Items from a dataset
_ _ _ _ _
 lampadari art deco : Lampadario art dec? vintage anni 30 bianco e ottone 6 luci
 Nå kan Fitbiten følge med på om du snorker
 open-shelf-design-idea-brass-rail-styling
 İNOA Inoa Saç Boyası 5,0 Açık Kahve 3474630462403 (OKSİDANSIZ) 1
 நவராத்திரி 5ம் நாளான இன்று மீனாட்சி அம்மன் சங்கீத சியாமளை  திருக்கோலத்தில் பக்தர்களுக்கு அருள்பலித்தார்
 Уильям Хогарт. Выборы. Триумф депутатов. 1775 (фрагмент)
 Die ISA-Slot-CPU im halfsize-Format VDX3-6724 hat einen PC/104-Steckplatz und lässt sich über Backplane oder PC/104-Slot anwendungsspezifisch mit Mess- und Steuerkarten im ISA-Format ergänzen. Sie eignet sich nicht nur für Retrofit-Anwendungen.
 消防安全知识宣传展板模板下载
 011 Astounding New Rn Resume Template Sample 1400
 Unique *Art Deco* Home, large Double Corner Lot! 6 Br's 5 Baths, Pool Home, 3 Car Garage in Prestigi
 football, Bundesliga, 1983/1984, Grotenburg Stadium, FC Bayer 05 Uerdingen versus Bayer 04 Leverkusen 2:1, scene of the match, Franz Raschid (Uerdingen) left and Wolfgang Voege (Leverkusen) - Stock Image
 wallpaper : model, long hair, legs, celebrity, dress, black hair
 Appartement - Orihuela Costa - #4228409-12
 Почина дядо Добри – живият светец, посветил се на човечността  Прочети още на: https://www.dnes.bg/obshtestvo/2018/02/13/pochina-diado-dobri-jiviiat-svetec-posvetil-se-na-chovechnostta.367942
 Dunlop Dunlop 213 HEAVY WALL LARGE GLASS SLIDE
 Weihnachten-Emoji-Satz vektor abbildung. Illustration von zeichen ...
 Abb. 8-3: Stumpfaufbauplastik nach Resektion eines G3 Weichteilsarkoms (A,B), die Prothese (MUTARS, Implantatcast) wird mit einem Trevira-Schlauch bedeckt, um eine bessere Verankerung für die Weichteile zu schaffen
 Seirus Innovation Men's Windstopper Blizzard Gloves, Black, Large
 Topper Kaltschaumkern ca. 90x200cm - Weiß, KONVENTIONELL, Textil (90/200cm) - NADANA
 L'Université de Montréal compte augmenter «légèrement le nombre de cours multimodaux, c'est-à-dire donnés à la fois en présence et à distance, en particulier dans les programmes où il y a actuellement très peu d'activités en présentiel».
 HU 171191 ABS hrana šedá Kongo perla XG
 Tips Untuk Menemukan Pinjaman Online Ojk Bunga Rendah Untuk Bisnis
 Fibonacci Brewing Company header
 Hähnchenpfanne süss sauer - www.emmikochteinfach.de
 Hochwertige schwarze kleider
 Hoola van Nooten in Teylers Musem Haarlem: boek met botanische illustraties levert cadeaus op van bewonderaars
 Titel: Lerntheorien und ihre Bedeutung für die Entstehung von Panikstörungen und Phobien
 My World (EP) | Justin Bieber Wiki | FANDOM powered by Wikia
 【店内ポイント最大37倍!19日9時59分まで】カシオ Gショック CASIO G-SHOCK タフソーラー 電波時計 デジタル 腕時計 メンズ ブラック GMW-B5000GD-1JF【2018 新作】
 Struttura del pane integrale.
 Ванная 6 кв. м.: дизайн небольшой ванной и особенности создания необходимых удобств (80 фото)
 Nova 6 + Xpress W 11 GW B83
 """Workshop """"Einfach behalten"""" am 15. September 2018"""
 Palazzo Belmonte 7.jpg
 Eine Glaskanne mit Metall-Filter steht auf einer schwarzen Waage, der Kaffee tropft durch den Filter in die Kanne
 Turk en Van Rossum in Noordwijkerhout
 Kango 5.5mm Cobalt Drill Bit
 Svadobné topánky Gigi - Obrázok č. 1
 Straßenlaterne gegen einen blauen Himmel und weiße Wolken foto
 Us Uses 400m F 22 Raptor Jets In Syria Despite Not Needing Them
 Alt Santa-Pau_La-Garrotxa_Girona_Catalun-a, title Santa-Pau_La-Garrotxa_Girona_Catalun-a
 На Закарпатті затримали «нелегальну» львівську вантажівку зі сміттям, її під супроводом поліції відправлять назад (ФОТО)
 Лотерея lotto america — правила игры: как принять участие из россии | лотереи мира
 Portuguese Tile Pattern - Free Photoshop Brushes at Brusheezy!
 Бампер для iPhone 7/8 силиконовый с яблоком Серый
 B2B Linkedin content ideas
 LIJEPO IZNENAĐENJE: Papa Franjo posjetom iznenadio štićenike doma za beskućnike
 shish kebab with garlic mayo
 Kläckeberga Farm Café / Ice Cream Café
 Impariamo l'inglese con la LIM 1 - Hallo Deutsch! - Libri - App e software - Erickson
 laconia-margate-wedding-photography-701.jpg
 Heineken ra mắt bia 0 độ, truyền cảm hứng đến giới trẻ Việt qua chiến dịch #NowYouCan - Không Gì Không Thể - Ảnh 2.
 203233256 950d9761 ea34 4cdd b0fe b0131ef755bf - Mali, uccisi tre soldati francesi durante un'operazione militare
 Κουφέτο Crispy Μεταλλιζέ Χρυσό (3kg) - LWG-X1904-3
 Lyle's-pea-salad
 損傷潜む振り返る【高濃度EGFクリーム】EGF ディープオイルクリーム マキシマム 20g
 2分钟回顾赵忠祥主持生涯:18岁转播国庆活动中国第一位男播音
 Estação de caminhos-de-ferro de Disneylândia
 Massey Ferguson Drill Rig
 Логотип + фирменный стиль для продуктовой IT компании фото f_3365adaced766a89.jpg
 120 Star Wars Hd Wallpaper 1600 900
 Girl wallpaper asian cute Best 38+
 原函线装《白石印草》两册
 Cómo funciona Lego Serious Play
_ _ _ _ _
Work instructions:
All lines above that include the word "Drill" should be located and copied.

Exercise result:
 Kango 5.5mm Cobalt Drill Bit
 Massey Ferguson Drill Rig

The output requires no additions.